Theorem: Let $\mathbf{A}$ and $\mathbf{B}$ be categories, $F,G : \mathbf{A} \rightarrow \mathbf{B}$ functors and $\alpha : F \rightarrow G$ a natural transformation.

$\alpha$ is a natural isomorphism if and only if $\alpha_A : FA \rightarrow GA$ is an isomorphism (in $\mathbf{B}$) for each $A \in \mathbf{A}$.

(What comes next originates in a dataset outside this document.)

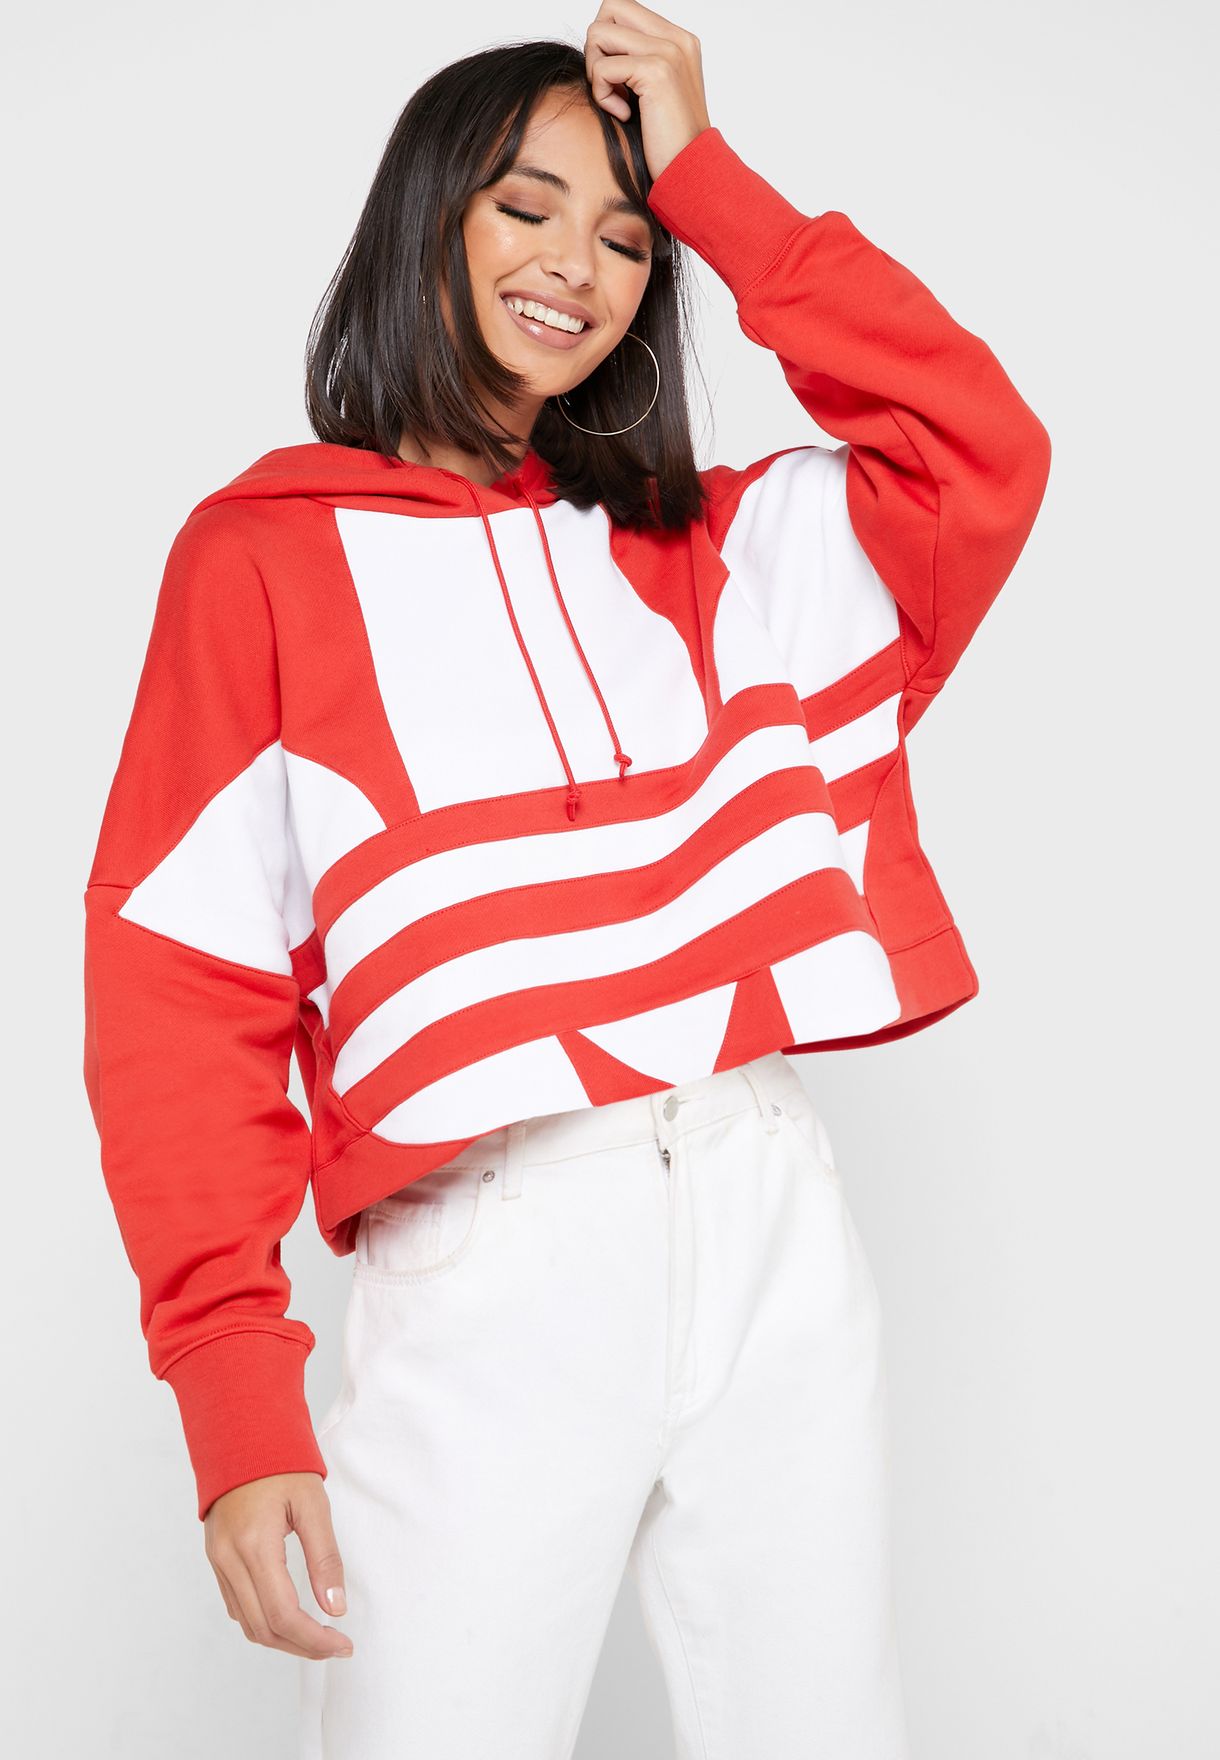 red cropped adidas hoodie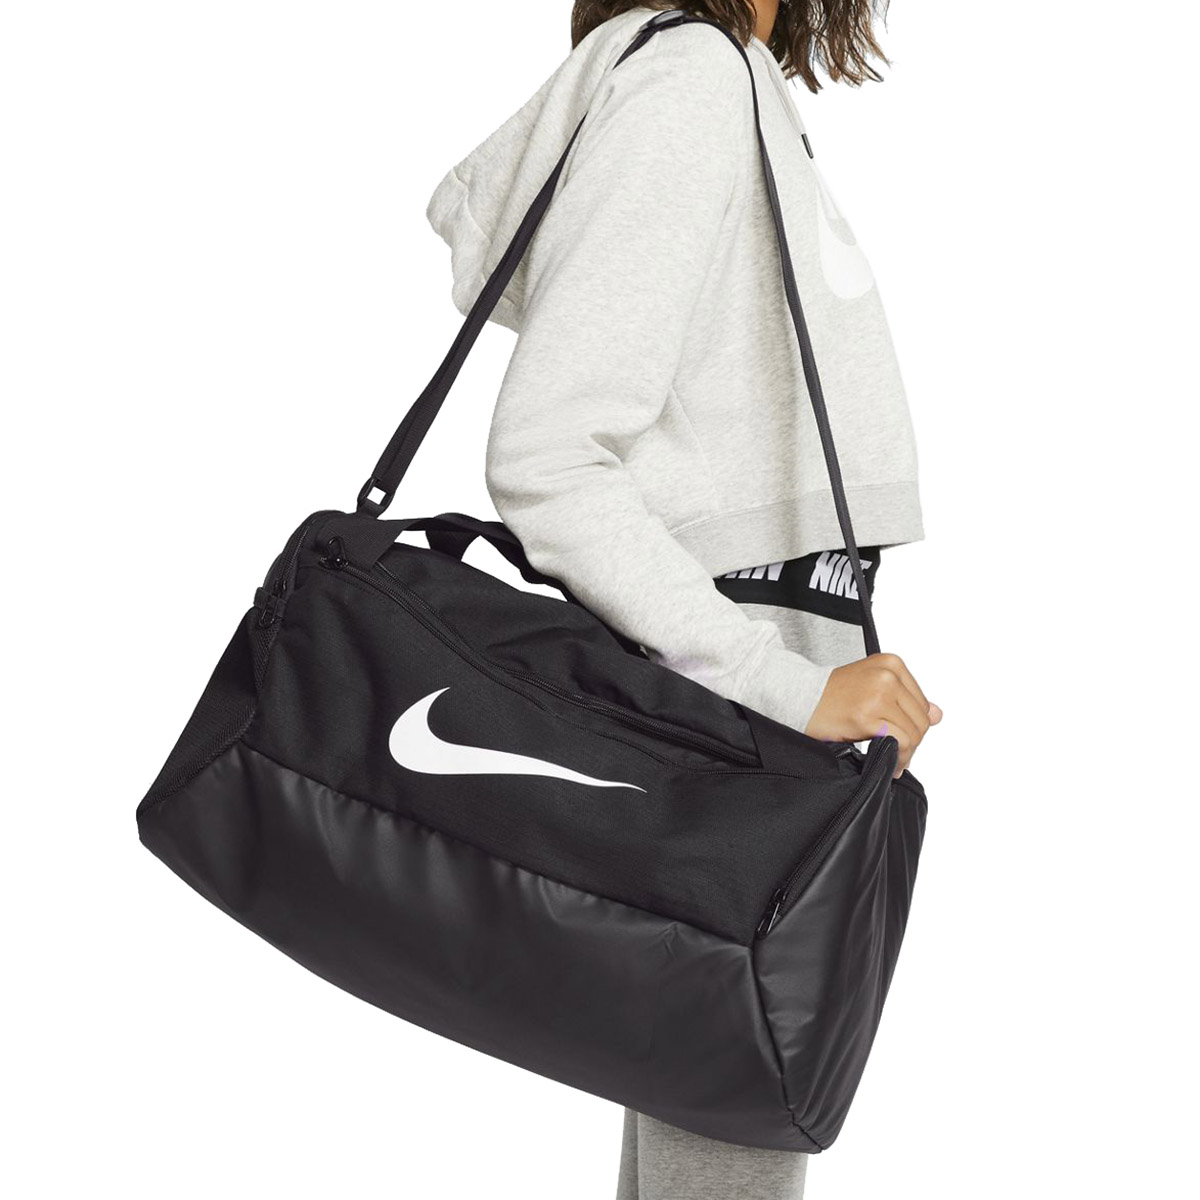 Nike Brasilia Bag, , large image number null

Proof: Suppose $\alpha$ is a natural isomorphism. That is to say, it is an isomorphism between $F$ and $G$ in the category $[\mathbf{A}, \mathbf{B}]$. Then, we have a natural transformation $\beta : G \rightarrow F$ so that $\beta \alpha = 1_F$ and $\alpha \beta = 1_G$ (the identity natural transformations on $F$ and $G$, respectively). Recall $\alpha$ is a collection of arrows $\alpha_A : FA \rightarrow GA$ in $\mathbf{B}$ for each $A \in \mathbf{A}$. And, by definition, they compose "component-wise", so that $(\beta \alpha)_A = \beta_A \circ \alpha_A$ for each $A \in \mathbf{A}$. Then, clearly we have $(1_F)_A = \beta_A \circ \alpha_A$, but $(1_F)_A$ is, by definition, precisely the identity on $FA$ -- that is, $1_{FA}$. Simultaneously, we have $1_{GA} = (1_G)_A = \alpha_A \circ \beta_A$. These identities directly state that $\alpha_A$ (and $\beta_A$) are isomorphisms between $FA$ and $GA$.

Suppose that, for each $A \in \mathbf{A}$, $\alpha_A : FA \rightarrow GA$ is an isomorphism. Then, also for each $A$ we have an arrow $\beta_A : GA \rightarrow FA$ with $\beta_A \circ \alpha_A = 1_{FA}$ and $\alpha_A \circ \beta_A = 1_{GA}$. The identity natural transformation $1_F$ is defined so that $(1_F)_A = 1_{FA}$ for each $A$. So we have $(1_F)_A = \beta_A \circ \alpha_A$ for each $A$, which means that $\beta \circ \alpha = 1_F$. Similarly, we obtain $\alpha \circ \beta = 1_G$, and $\alpha$ (and $\beta$) are natural isomorphisms.